The work area actually turned out to be much noisier than I anticipated because many of the lounge attendants were gathered around a nearby television, enjoying a Balinese soap opera at very high volume. In addition, I soon heard other strange loud noises, which sounded like huge slabs of meat being hit with great force. When I left my seat to seek out the source of these sounds, it turned out that it really was the sound of meat being tenderized -- someone was being given a massage in one corner of the lounge.



About 45 minutes before my flight was scheduled to depart, I exited the premier lounge and sauntered off to the gate. The departure lounge was very crowded and I endured a short but fairly uncomfortable wait until passengers were finally allowed to board. What was especially interesting was that an arriving flight had just pulled up to adjacent gate and all of the passengers were sharing the same walkway. Given that arriving passengers should not be allowed to mix with those on the outbound flight, the airport staff would take turns, allowing a dozen or so inbound passengers to walk through and then would hold back the line for a while so some of the passengers on our flight could board.



Despite the crowds that had amassed within the departure lounge, the load in the business class cabin was actually quite light and my seat opponent soon relocated to grab a couple of seats for himself. The flight crew was pleasant as usual and we landed in SIN just a few minutes late, at the far reaches of the A gates in Terminal 3. Fifteen minutes later, I had made my way over to terminal 1 and entered my room at the transit hotel.

No Whining

Given UA's flight cancellation performance of late, I must confess that I confronted my upcoming four segment return trip to PDX with some trepidation. Having picked up my business class boarding pass in DPS while checking in for my SIN flight the prior evening, I was able to relax and catch up on email in the Terminal 2 SKL lounge before returning to the C transfer desk in Terminal 1 to pick up my "real" UA boarding passes for my upcoming flights. Given its origins, Saya Tidak Mau means the same in Bahasa Malaysia as it does in Bahasa Indonesia so the two check-in agents got quite a kick at my note.

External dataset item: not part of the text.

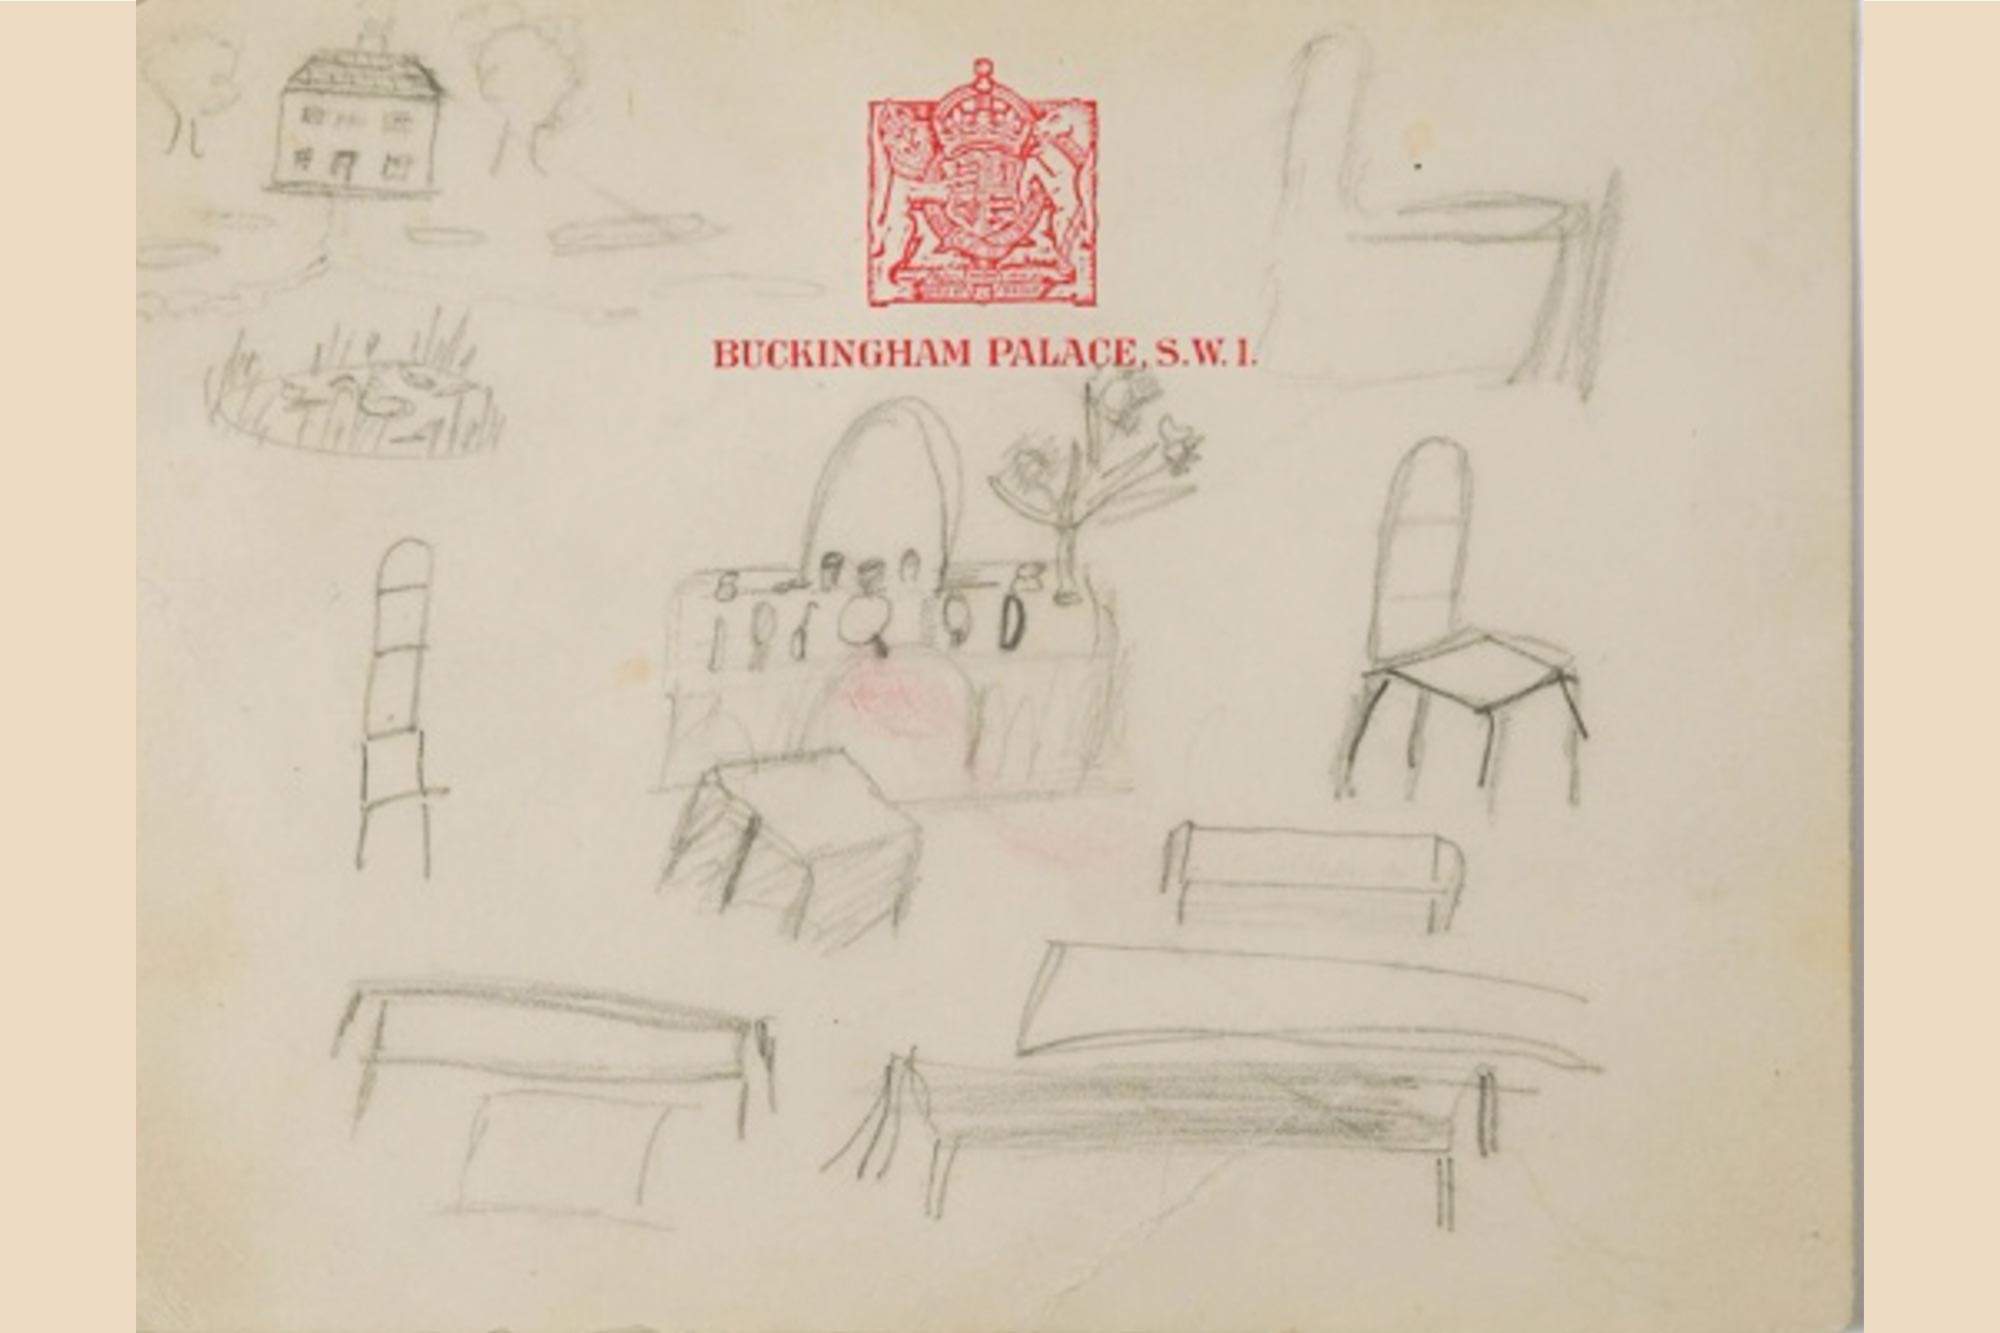 Dentist to auction sketches by young Queen Elizabeth II

Another advantage to showing up to collect my “real” UA boarding passes at the fashionably late hour of 6:30 AM was that there were no longer any passengers remaining in the queue, which can be very long and slow moving at times. Surprisingly, 50 or so transfer passengers still remained camped out and sleeping soundly nearby. I am still amazed that they managed to sleep at all with so much noise emanating from the "Tyra Banks" program, cackling at high volume from a nearby television.



The flight out of SIN was fine, enhanced by the usual friendly and attentive service provided by the SIN based crew. In NRT, I had plenty of time to relax in the ANA lounge, catch up on Flyertalk and enjoy a nice bowl of soba:



and some ice cream:



and some additional snacks, accompanied by several servings of my favorite beverage, gin and tonic deployed in a tall “beer robot” glass:



I boarded my flight to LAX as late as I could and was instantly recognized by the crew from previous trips. And from what I could see, one FA in particular was well prepared for my arrival:



I apologize that her face is so fuzzy in the photograph but I must admit that after so many beer robot gin and tonics, I was somewhat pixilated by the time I boarded the flight.

When I finally arrived back home in PDX, I was very relieved to discover that my apartment was completely free of evil monkeys. I am now in the process of getting my act together for a trip to Sarawak tomorrow, where I hear that the orang utans are very clever. Proboscis monkeys are also native to Borneo but I am a little leery about sticking my nose where it doesn't belong.

Until then, I will think back fondly to all of the monkey business in Bali.